In recent years, we have reached a homeostasis in education policy, characterized by clearer and fairer but lighter-touch accountability systems and the incremental growth of school choice options for families—but little appetite for big and bold new initiatives.
To be sure, there are still fights—battles in state legislatures between reform advocates and their opponents, and sometimes little skirmishes in Congress—but they are at the margins. The period of big new policy initiatives stemming from Washington or the state capitals appears to be over, at least for now.
This state of play will not last forever, but it provides a real opportunity while it is here.

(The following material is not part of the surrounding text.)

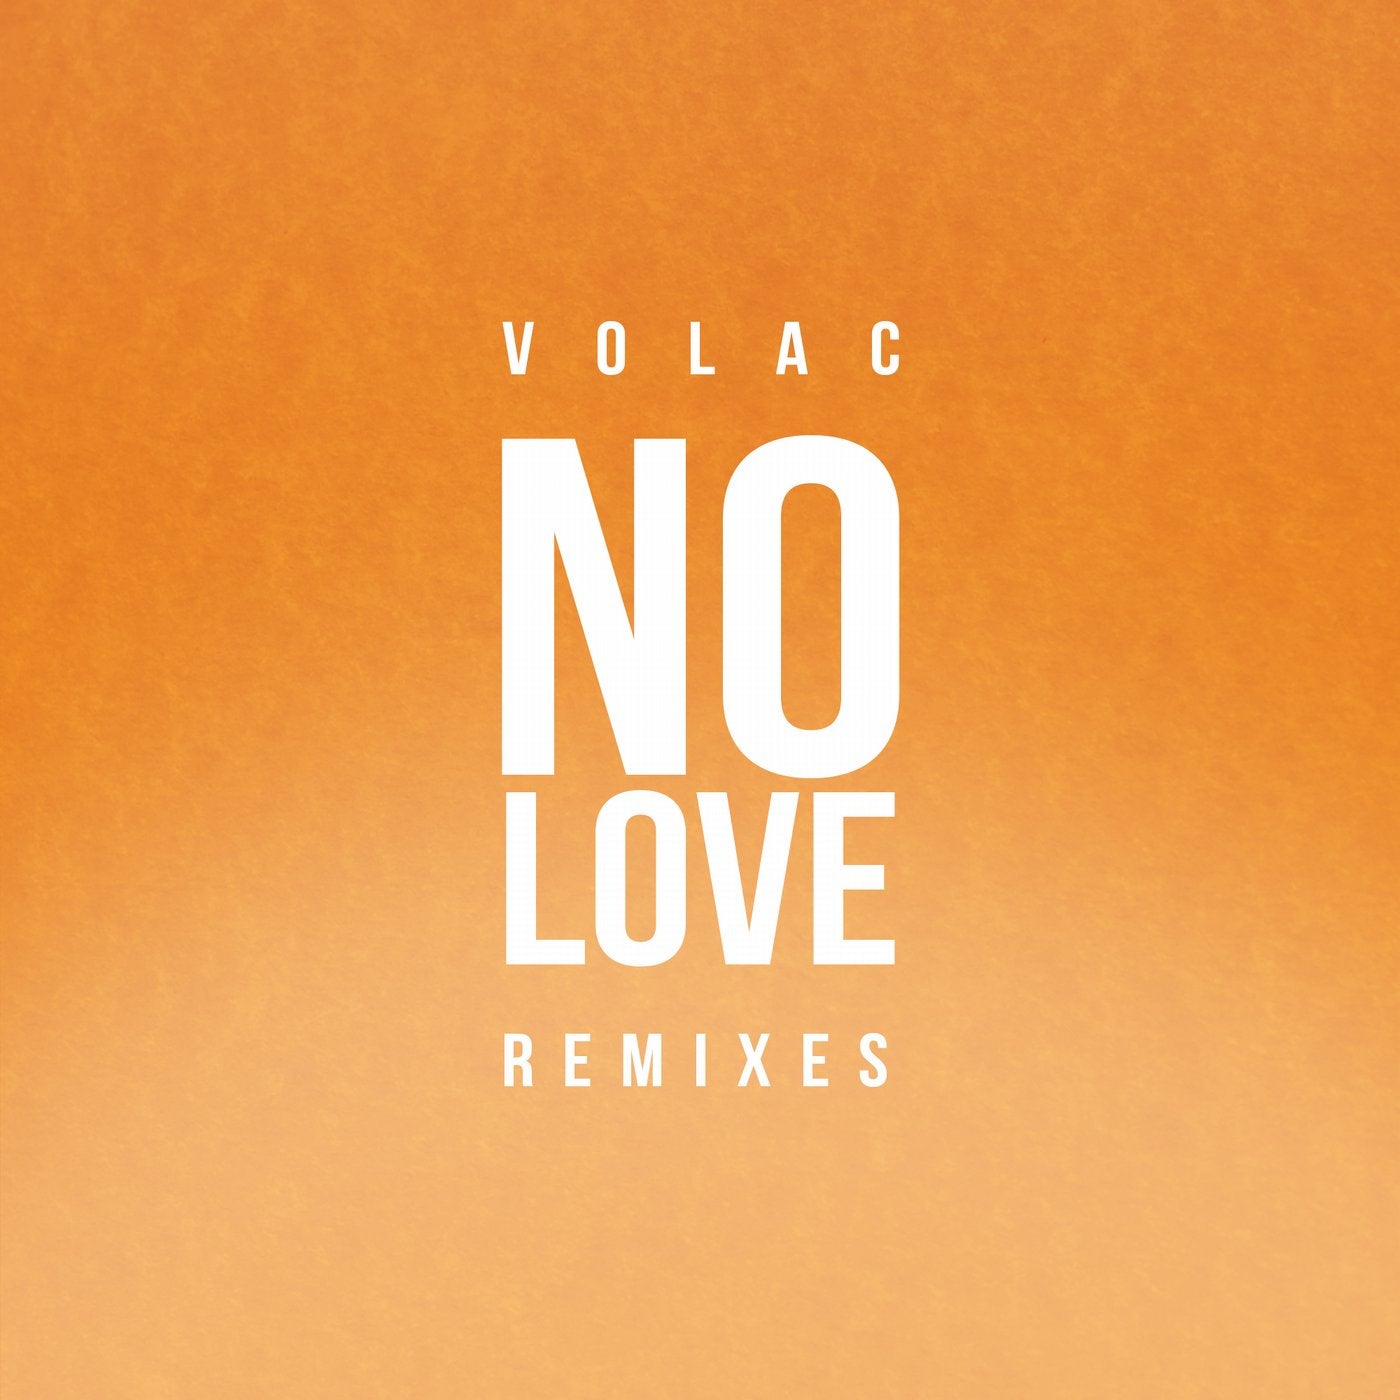 Фото no Love. Volac. Love Remix. Volac обложки альбома. Джей лов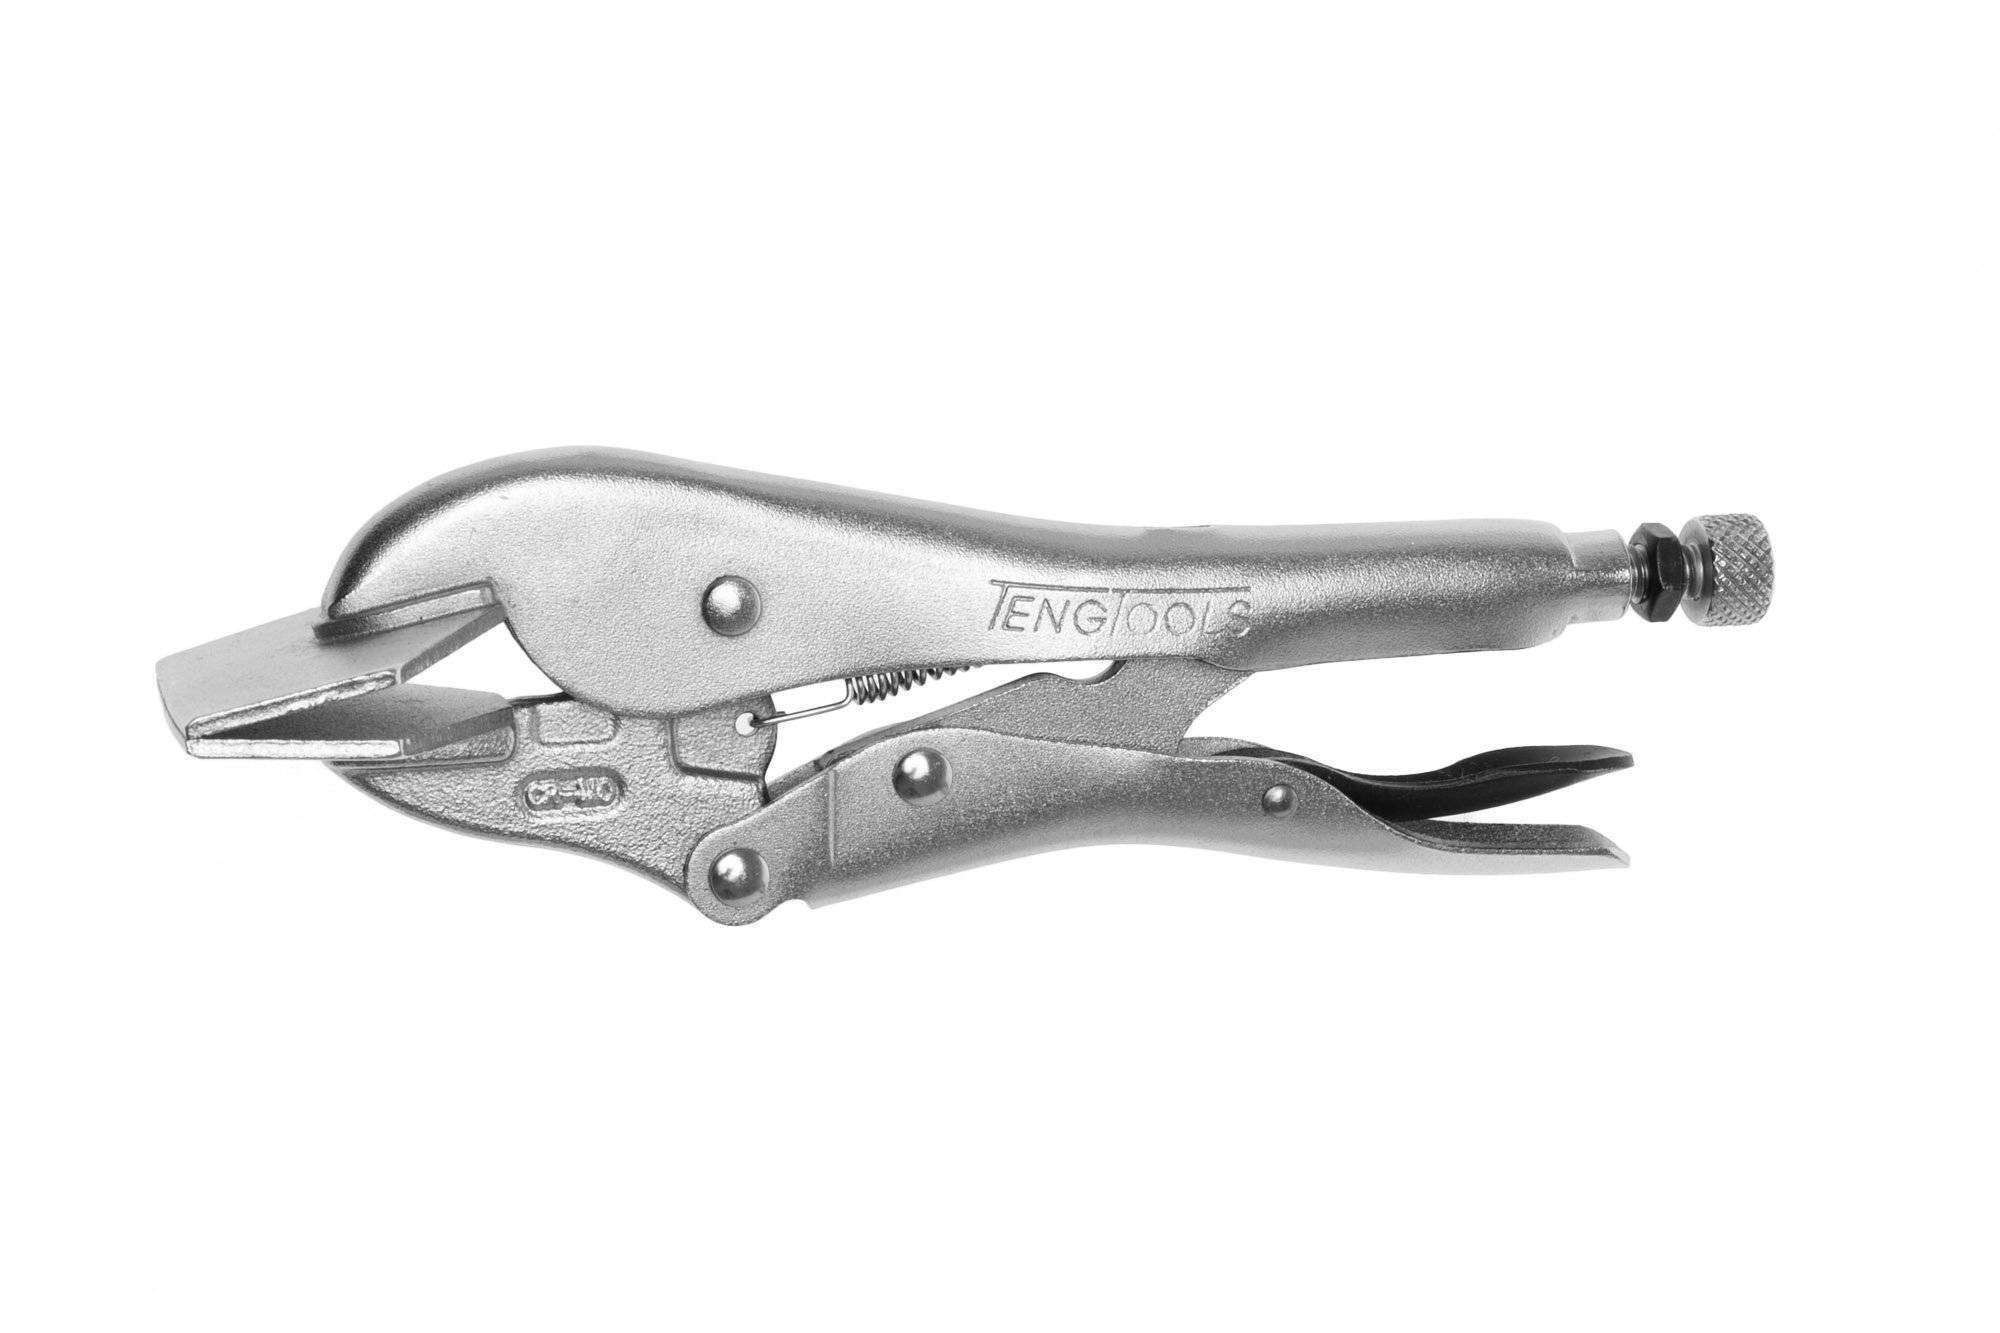 Teng Tools 8 Inch Sheet Metal Vise Grip Power Grip Locking Pliers/Tool - 408

The opportunity is, for us as a field, to finish what we started, to usher in a Golden Age of Educational Practice. To implement higher standards with fidelity. To improve teacher preparation and development. To strengthen charter school oversight and quality. To make the promise of high-quality career and technical education real.
But how can we get 14,000 local school systems and 7,000 charter schools pursuing better outcomes for kids if big new policy initiatives are off the table?
In this new monograph, Toward a Golden Age of Educational Practice, Michael J. Petrilli, the president of the Thomas B. Fordham Institute, explores these questions and identifies concrete actions that would make evidence-based practice a likelier reality in our schools. They include:
- Supporting efforts to collect richer information about classroom practice;
- Funding the development of new organizations of educators to identify and disseminate evidence-based practices;
- Scaling up networks of schools committed to using evidence-based practices in their classrooms, especially in the charter sector;
- Investing in the sales and marketing of high-quality, standards-aligned instructional materials; and
- Creating a national infrastructure for improving the work of instructional coaches.
While policymakers might be taking a break from education policy, we cannot afford to take a break from educational improvement. America’s children are waiting.